I've seen the derivation of this equation in About the derivation of group Lasso but I don't get why $\|\beta_j\|_2 = \|S_j\|_2 – \lambda$ using the question notation (I omit the term $\sqrt p_j$ since Hastie doesn't use this penalization but it is conceptually the same). Taking that equality I get to the final point, but I don't understand where it comes from and the reasons behind it.
I, therefore, get stuck at $$\beta_j=\|S_j\|_2{\left( 1+\frac{\lambda}{\|\beta_j\|_2} \right)}^{-1}$$
Best Answer
It took me some time to understand this derivation. As usual, once you get the trick, it's actually straightforward.

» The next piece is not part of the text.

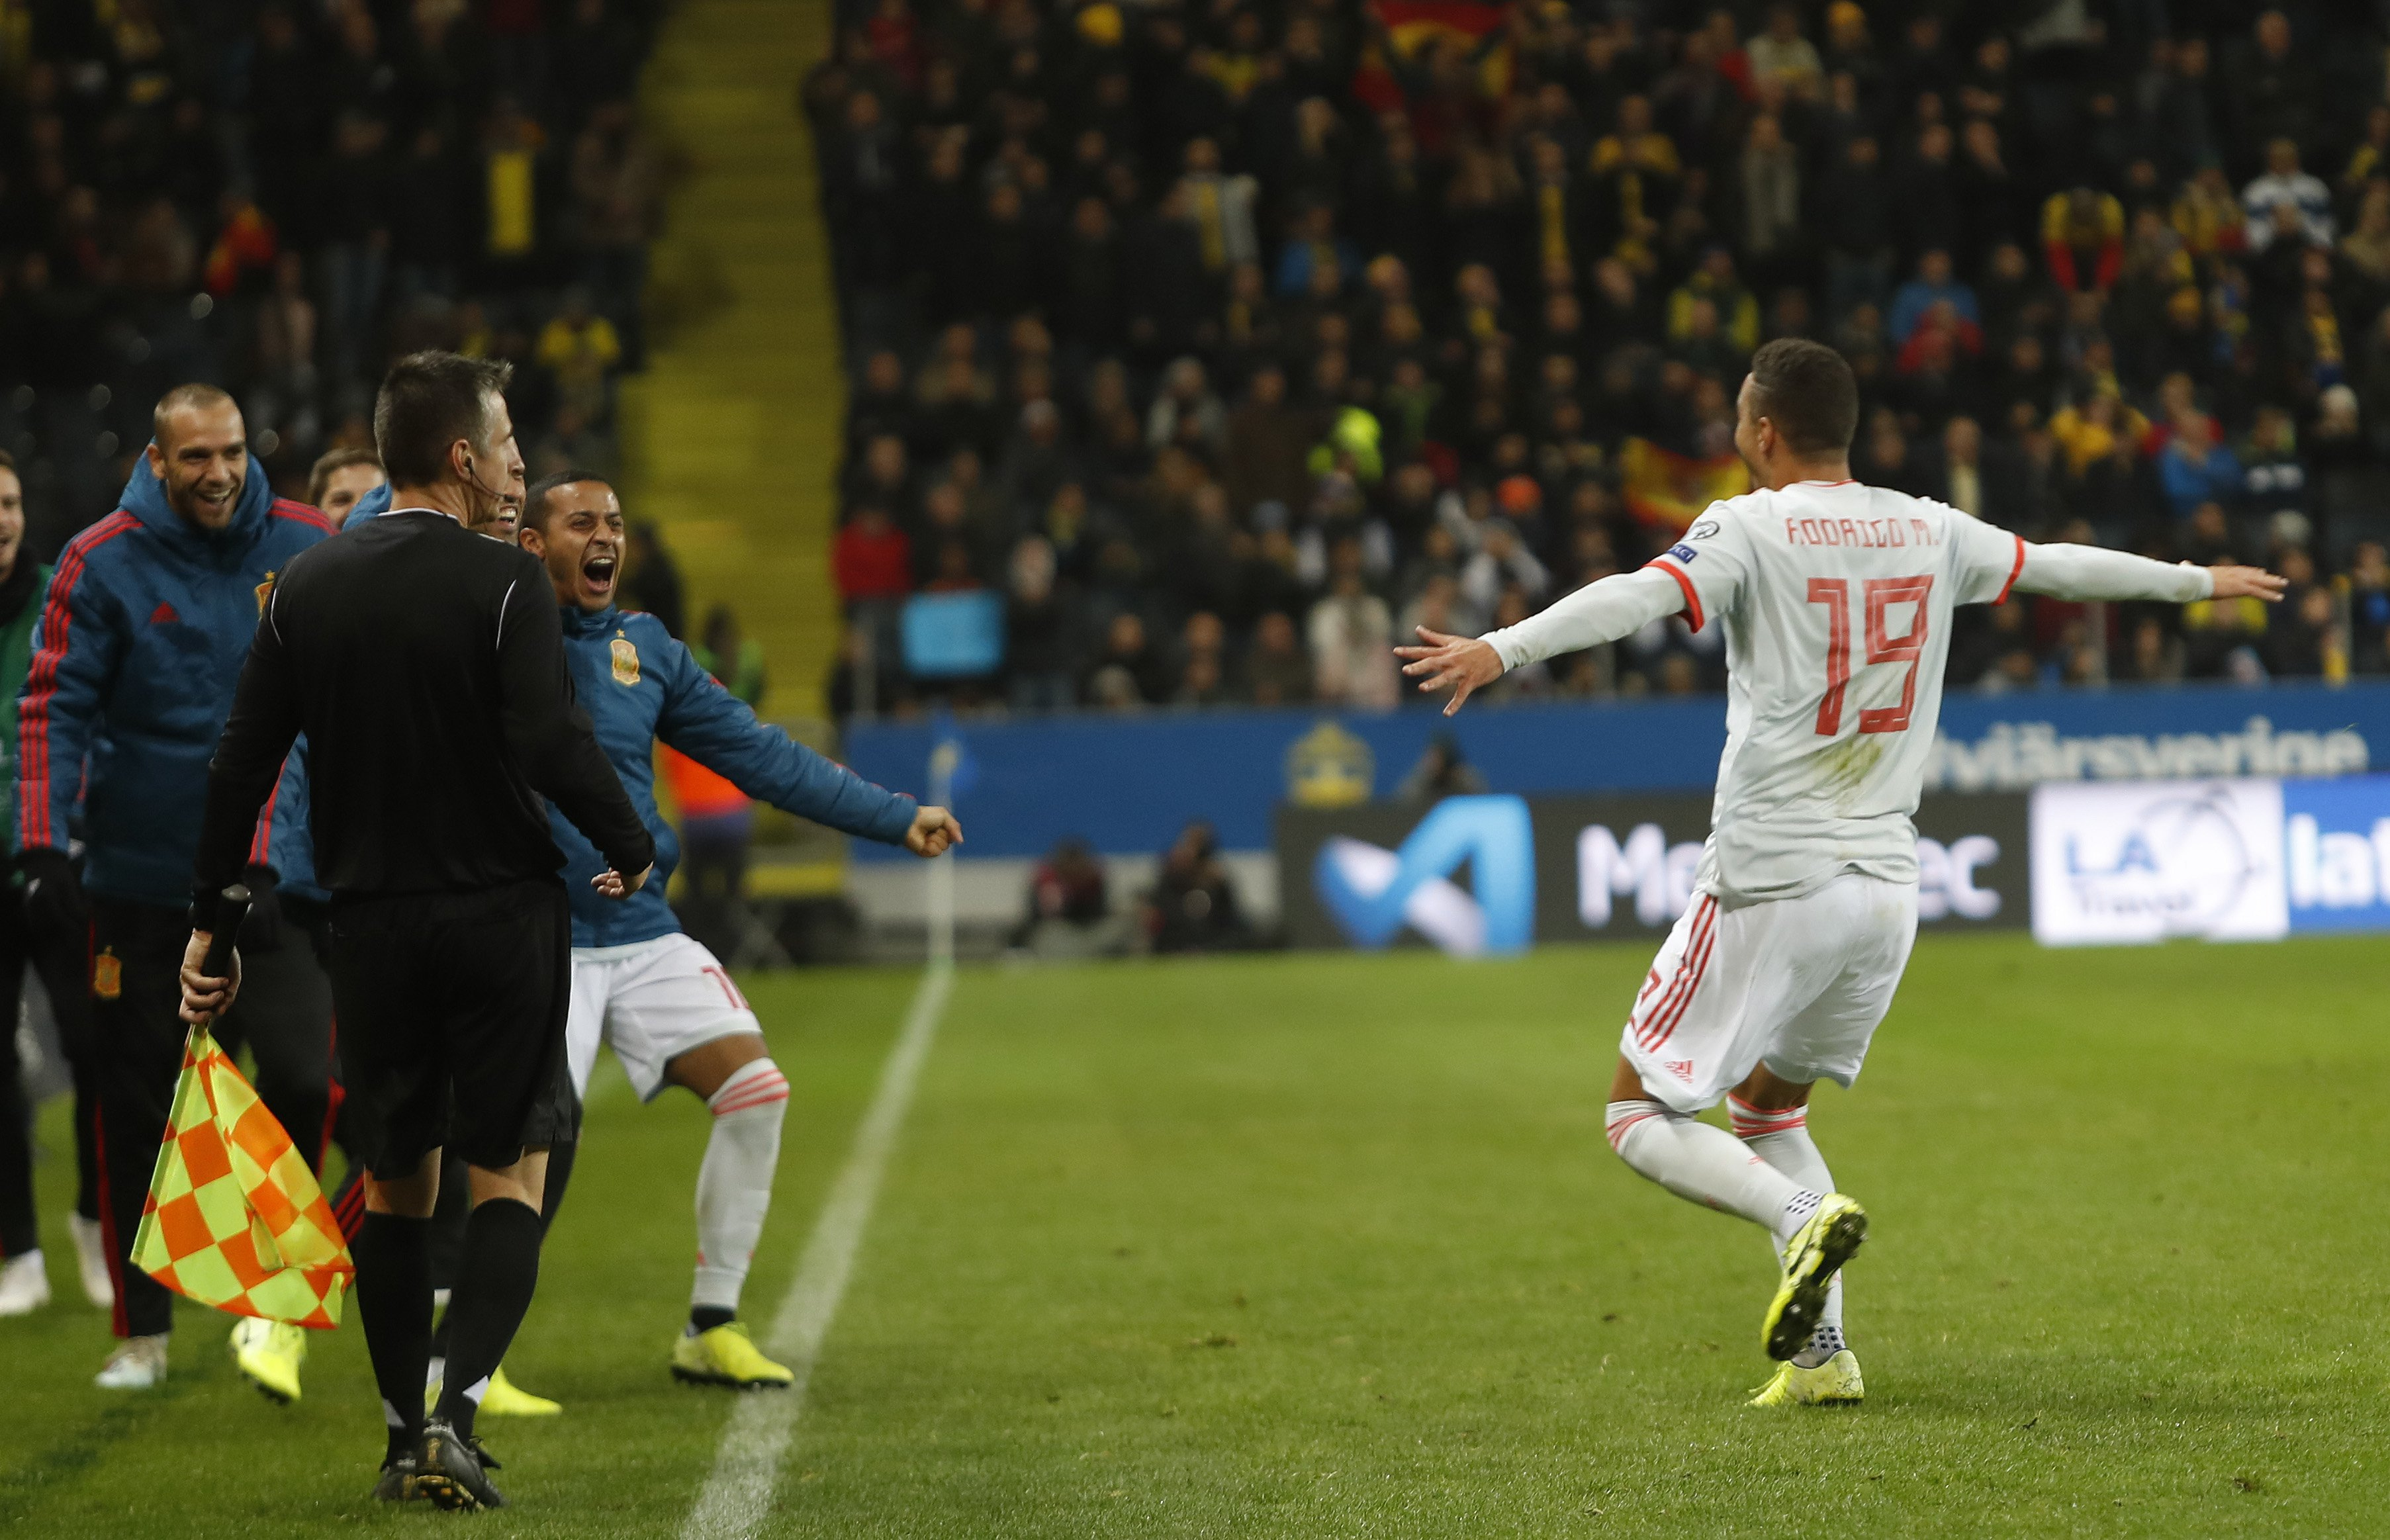 Rodrigo celebrando el gol con Thiago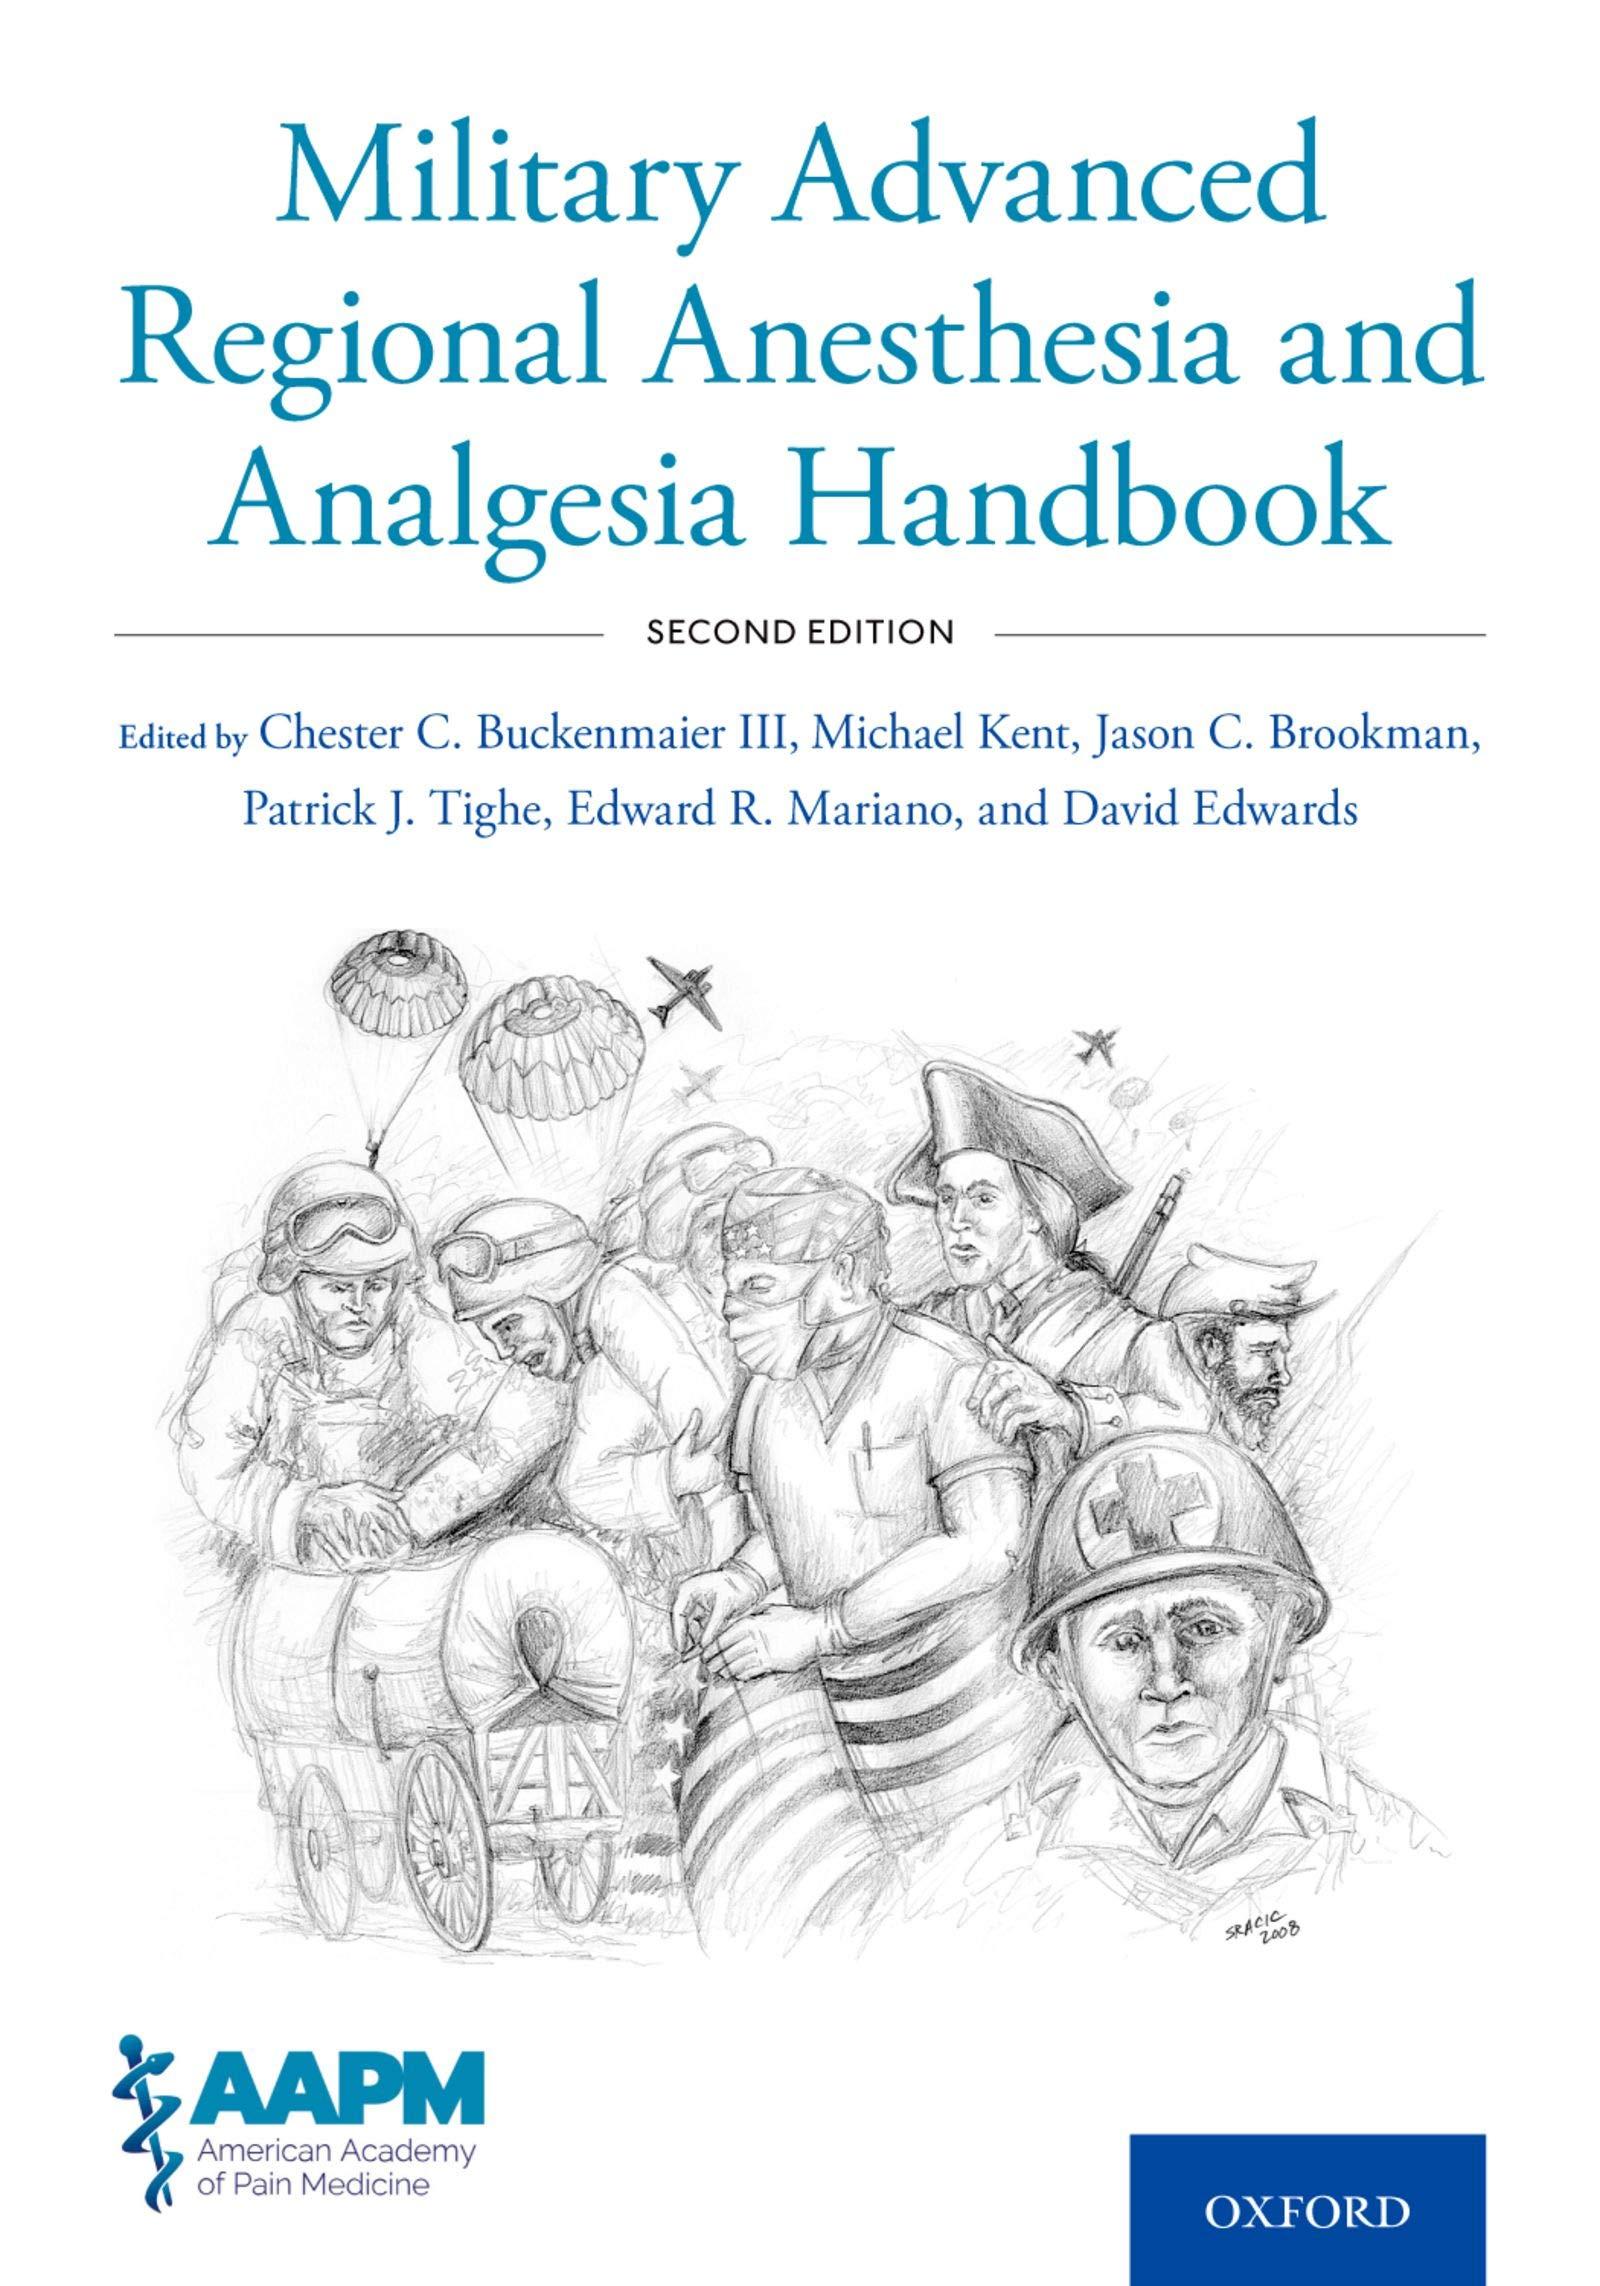 Military Advanced Regional Anesthesia and Analgesia Handbook

To solve the group LASSO via block coordinate descent, we solve for each group of variables $\beta_j = (\beta_{j1}, \ldots, \beta_{jp_j})^\top$ separately, i.e. we need to solve $$ \arg\min_{\beta_j} \frac{1}{2} (\mathbf{Y} - \mathbf{X} \mathbf{\beta})^\top (\mathbf{Y} - \mathbf{X} \mathbf{\beta}) + \lambda \sum_{j=1}^J d_j \lVert \beta_j \rVert , \\ \Leftrightarrow \arg\min_{\beta_j} \frac{1}{2} (\mathbf{Y} - \mathbf{X}^{-j} \mathbf{\beta}_{-j} - \mathbf{X}^{j} \beta_j)^\top (\mathbf{Y} - \mathbf{X}^{-j} \mathbf{\beta}_{-j} - \mathbf{X}^{j} \beta_j) + \lambda \sum_{j=1}^J d_j \lVert \beta_j \rVert , \\ \Leftrightarrow \arg\min_{\beta_j} \frac{1}{2} (\mathbf{r}_j - \mathbf{X}^{j} \beta_j)^\top (\mathbf{r}_j - \mathbf{X}^{j} \beta_j) + \lambda \sum_{j=1}^J d_j \lVert \beta_j \rVert , \\ $$ where $\mathbf{X}^{j}$ denotes the columns of $\mathbf{X}$ corresponding to the $j$-th group (with $(\mathbf{X}^{j})^\top \mathbf{X}^{j} = \mathbf{I}$), $\mathbf{X}^{-j}$ denotes the matrix $\mathbf{X}$ without the columns corresponding to the $j$-th group, and $\beta_{-j}$ is the corresponding vector of coefficients.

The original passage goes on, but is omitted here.